Trawl survey in the North Delta. Photo courtesy of Dylan Stompe
By looking solely at the results of a single annual fish-counting survey, Californians may be seeing an incomplete reflection of Bay-Delta fish population trends.
A team of scientists analyzed 14 survey programs
carried out by state and federal agencies, as well as UC Davis, and concluded that employing such a diverse variety of long-term surveys is essential for accurately tracking and assessing the overall health of San Francisco Estuary’s ecosystem and its resident fishes.
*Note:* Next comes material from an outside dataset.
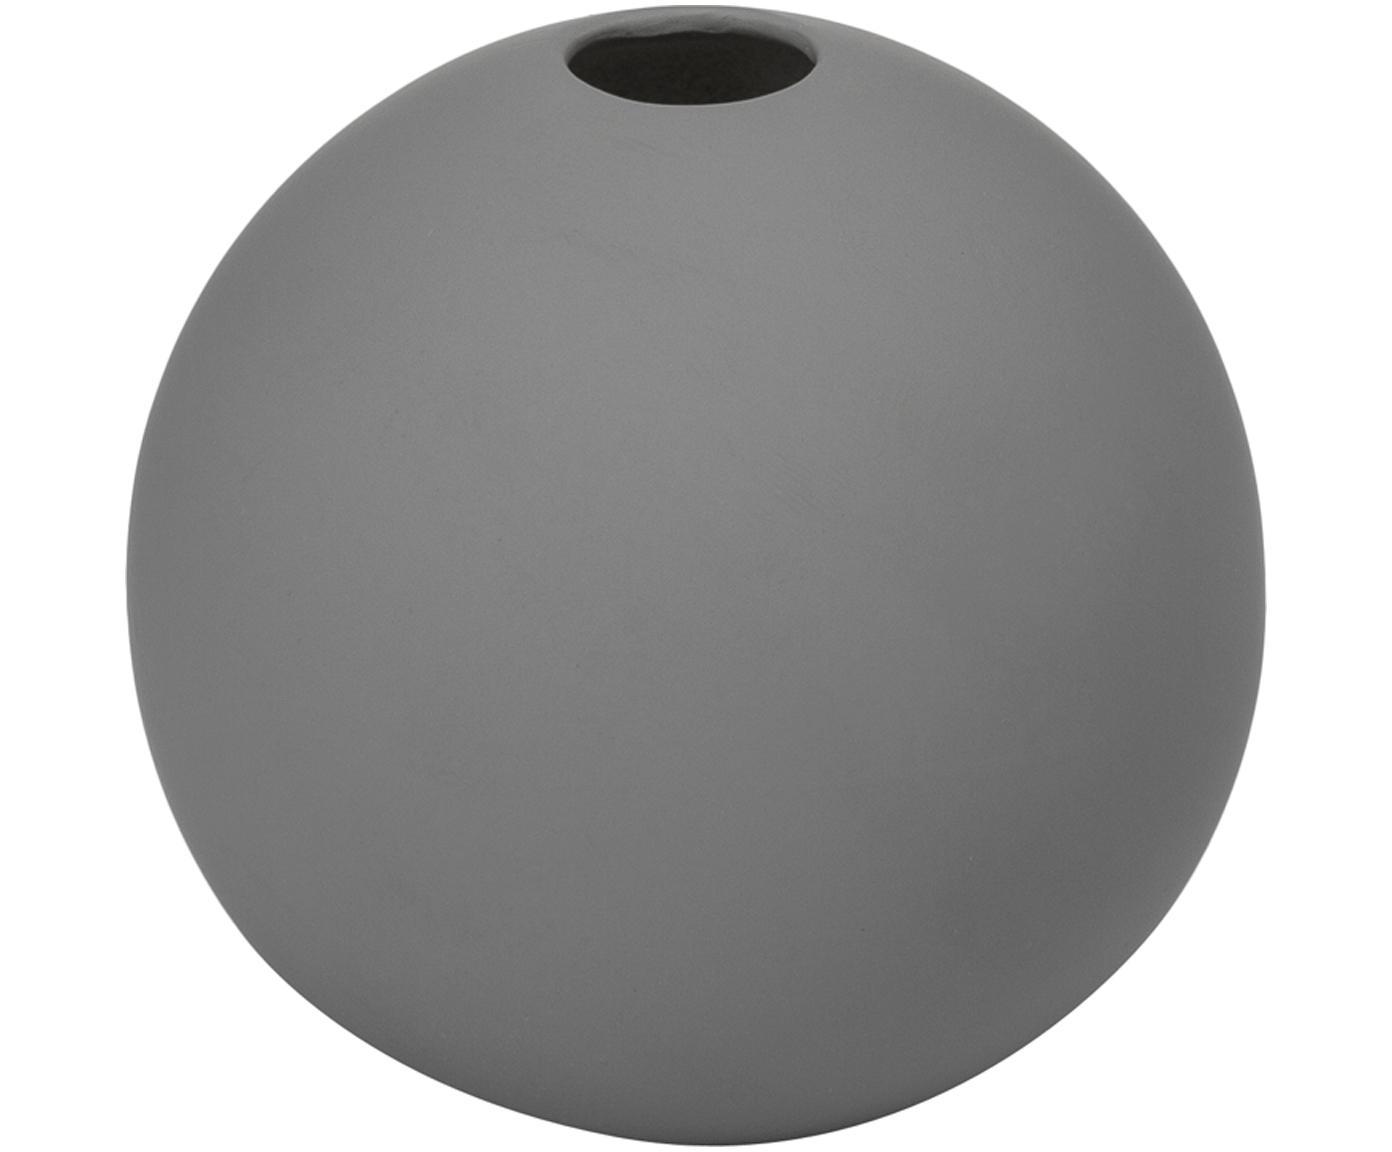 Handgemaakte bolvormige vaas Ball, Keramiek, Grijs, Ø 8 x H 8 cm

The research is described in the June issue of San Francisco Estuary and Watershed Science
. Lead author Dylan Stompe, of UC Davis, explains that the research arose from concerns that too many people – reporters included – have relied on the results of one annual survey, the California Department of Fish and Wildlife’s Fall Midwater Trawl, to make sweeping conclusions about the health and abundance of several fish species. The trawl, which samples 122 sites in San Pablo Bay and the Delta, has captured fewer and fewer individuals of several species almost every year. This has raised legitimate concern that these fishes, which include Delta smelt and longfin smelt, are nearing extinction. These species have undoubtedly declined dramatically, Stompe says, but when data from multiple surveys are analyzed together, “the story gets more complicated. We still see a long-term decline [in several fish species] but it’s much more muted,” he says. Stompe poses an explanation: The Fall Midwater Trawl uses geographically fixed sampling sites in a sediment-based ecosystem that is shifting constantly. Over time, this could produce data trends that reflect habitat changes, not necessarily trends in fish populations. Stompe and his coauthors concluded that overlaying the results of multiple surveying efforts produces more accurate summaries of significant population trends and ecological changes. Unfortunately, this doesn’t change the prognosis much for the endangered Delta smelt: “They’re definitely in bad shape,” Stompe says. “All the surveys are now having trouble catching them.”